Поговорим о странностях любви

— Вот ты на сцене и в кино попробовал любовь всякую — от бесполой (Мышкина) до страстной (Достоевский). Какой бы любви ты, Женя Миронов, себе в жизни не желал бы?

— Меня восхищает Мышкин. Я все время думал, почему его так любят все женщины. Ведь рядом такие красавцы — Рогожин, Ганя Иволгин… Все очень просто — он любит бескорыстно, а не так: “Ты видишь, как я сильно люблю? Значит, ты моя, значит, ты должна мне тоже что-то дать”. А у Мышкина по-другому. Мышкин — не человек.

— Прости, я даже не могу его представить в постели с женщиной.

— Почему-то женщины после фильма писали мне именно про это. Вот что бы я себе не желал, помимо любви, это перестать видеть себя со стороны. Себя, свои роли, поступки… Это так страшно, и я все время думаю: как бы так себя обезопасить? Иногда мы видим, как талантливого человека Бог почему-то лишает чувства меры, самокритики. Вот такой любви К СЕБЕ я не желал бы. А все остальное — прекрасно. Особенно для творческого человека: чем больше, тем лучше.

— Но ведь страсть, согласись, ослепляет.

— Прекрасный материал для работы.

— Не уходи от ответа — для жизни, а не для работы.

— Для жизни? Меня это как-то мало волнует. Наверное, в жизни это тяжелый опыт, но зато потом хорошо пригождается в профессии. А в жизни есть потом что вспомнить.

“Я умирал, если прическу не так делали”

— Что тебе больше всего помогает в работе над ролью — жест, костюм, грим? Вот в “Рассказах Шукшина” у тебя сплошные переодевания.

— Сколько рассказов, столько и костюмов — их десять. Но по большому счету я обнаружил в себе разные подходы к роли. Вот Гришка Отрепьев в “Борисе Годунове” (английский режиссер Деклан Доннеллан. — М.Р.) — он у меня пошел от жеста, от того, что у него рука сухая. Сначала она как обрубок прижата к груди, а в финале — такая уже рука царская. А Мышкин в “Идиоте”… Мне не помог никакой жест. Я увидел в Париже картину Ван Гога — на ней такой лысоватый человек, доктор. Посмотрел и от него оттолкнулся, но никак не мог найти, пока не нашел внутри себя суть этого человека. А уже потом из сути стали вырастать руки, ноги, пластика, глаза. Вот про глаза Евгений Евстигнеев говорил: “Главное глаз найти”. Я нашел. И если я после какого-то своего спектакля возвращался на съемки “Идиота”, то в зеркале видел свои глаза, пугался: “Мышкин, ты где?”

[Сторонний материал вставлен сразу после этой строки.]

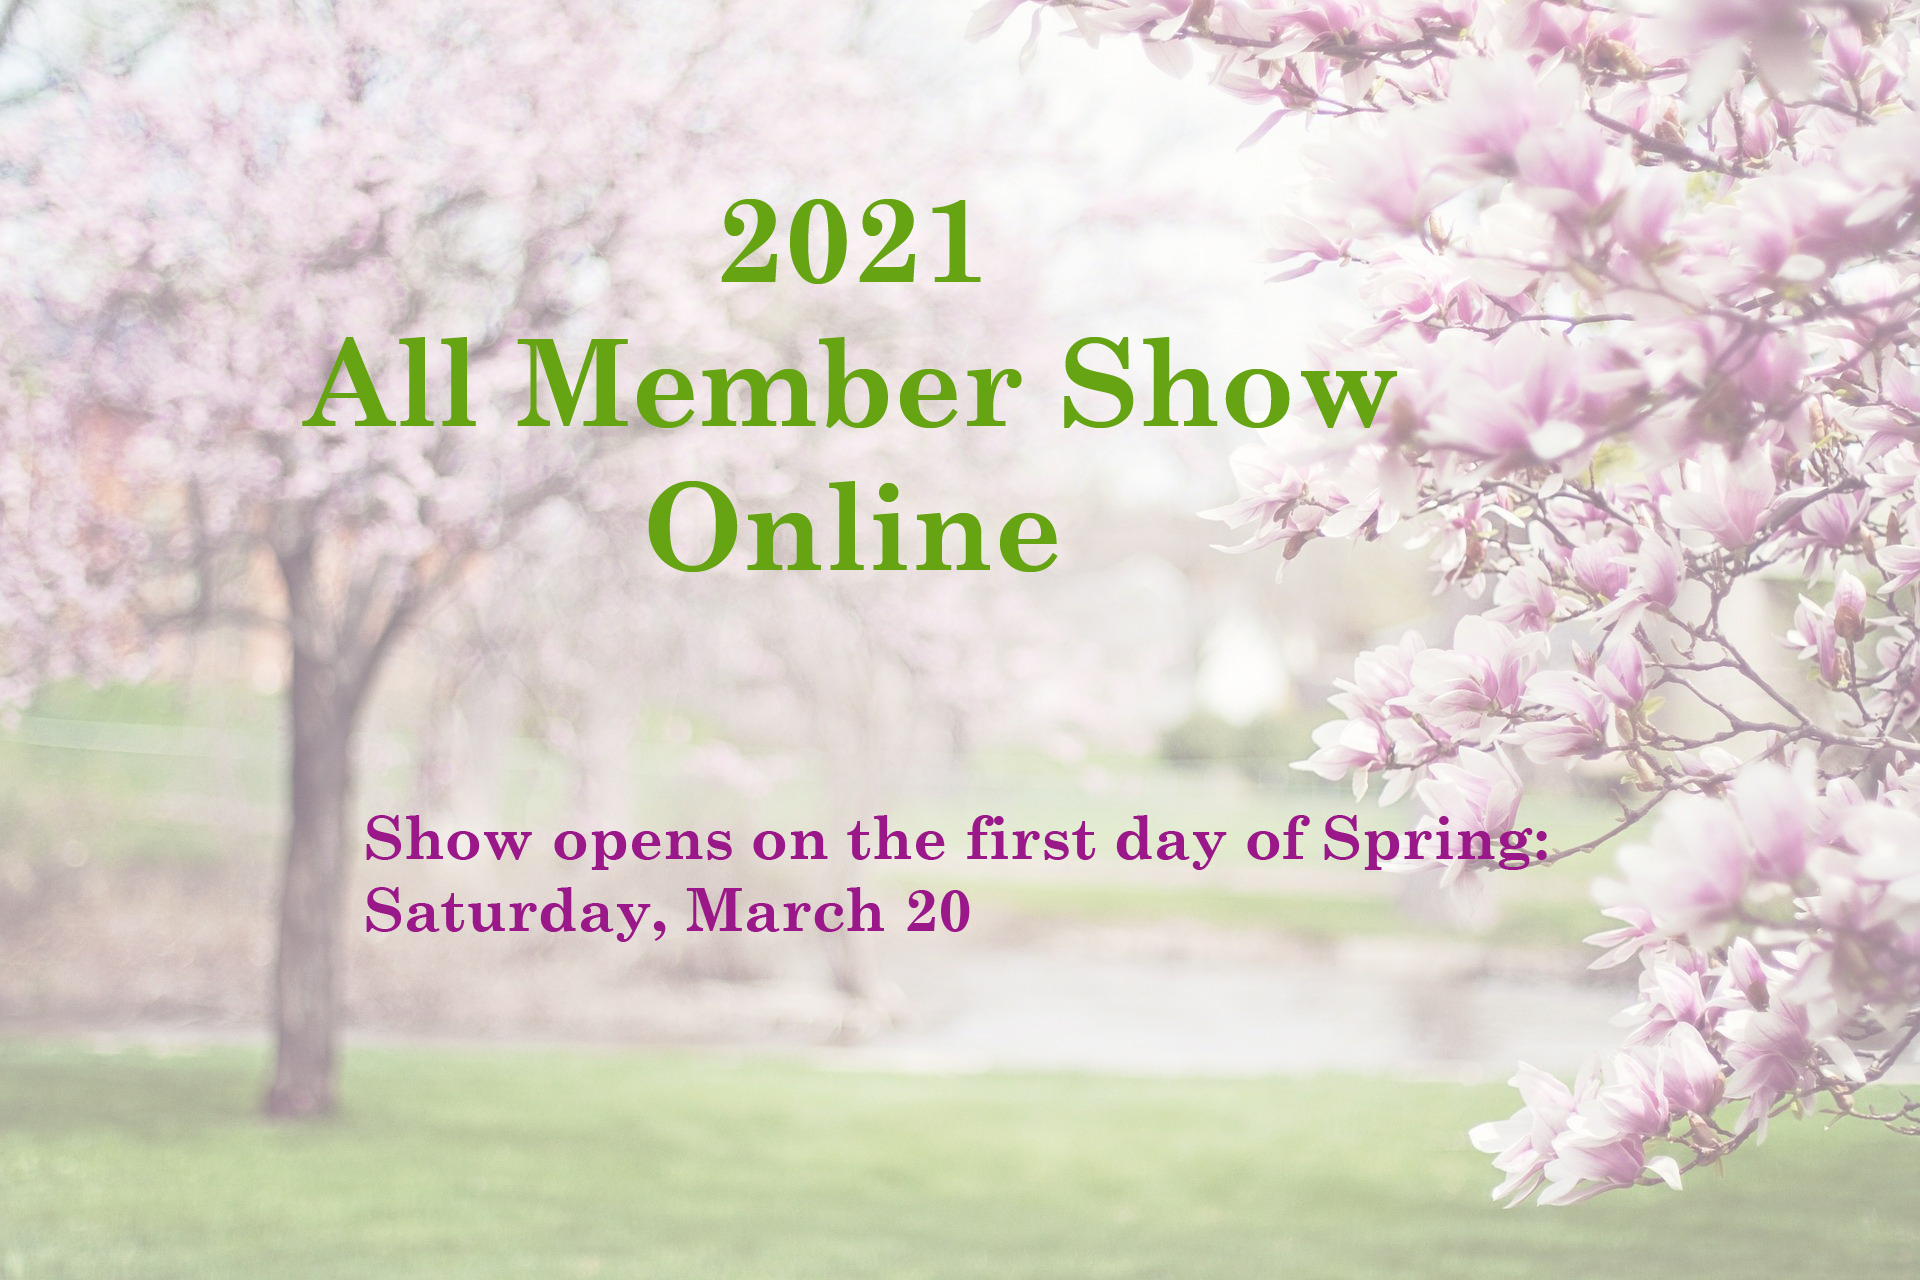 2021 All Member Show Online
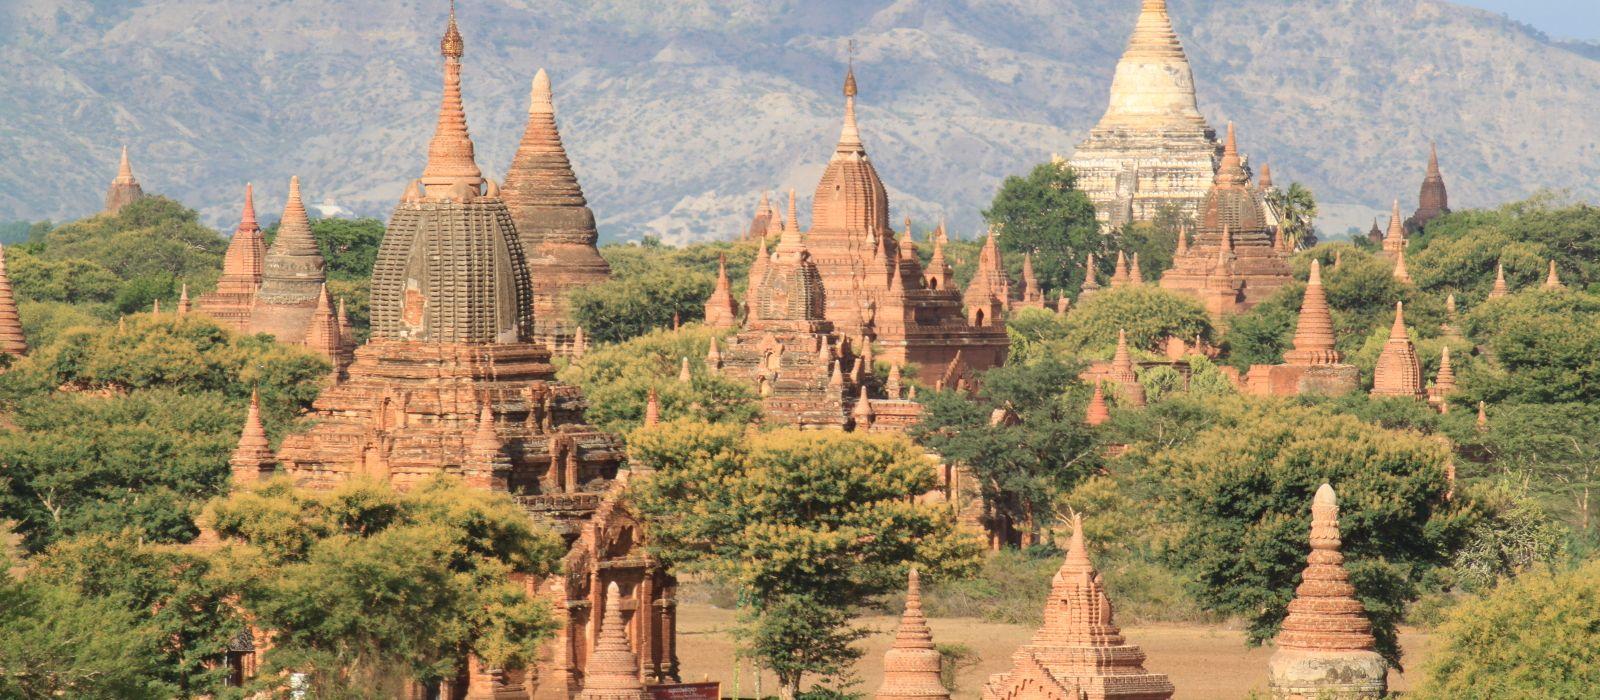 Reiseziel Nyaung U Myanmar

“Достоевский”. фото: Михаил Ковалев

Надо сказать, что раньше придавал очень большое значение внешнему, но, как писал Олег Борисов, чем старше становлюсь, тем легче отказываюсь от внешних приспособлений. Вот я заметил, что они стали от меня отваливаться, как ступени от ракеты. Раньше, когда я играл “№13”, я просил, чтобы мне сделали чуть укороченные штаны. Я прямо умирал, если мне не так делали прическу. А сейчас, оставаясь по сути тем же мистером Пигденом, я вдруг обнаружил, что мне сшили другие штаны, а я и не заметил. А вот у Шукшина без этого нельзя. В рассказе “Микроскоп” я специально делаю из волос такую маленькую запендю на лоб. Потому что он сам как микроб — и вдруг восстал. Или выпяченная вперед нижняя губа в рассказе “Сапожок” — это же доброта, покой. А Чулпан Хаматова! Сколько она придумывала — мешками приносила идеи на репетиции.

Психический диагноз Хлестакова

— Актер Миронов и его герои — насколько это два сообщающихся сосуда? Или каждый сам по себе?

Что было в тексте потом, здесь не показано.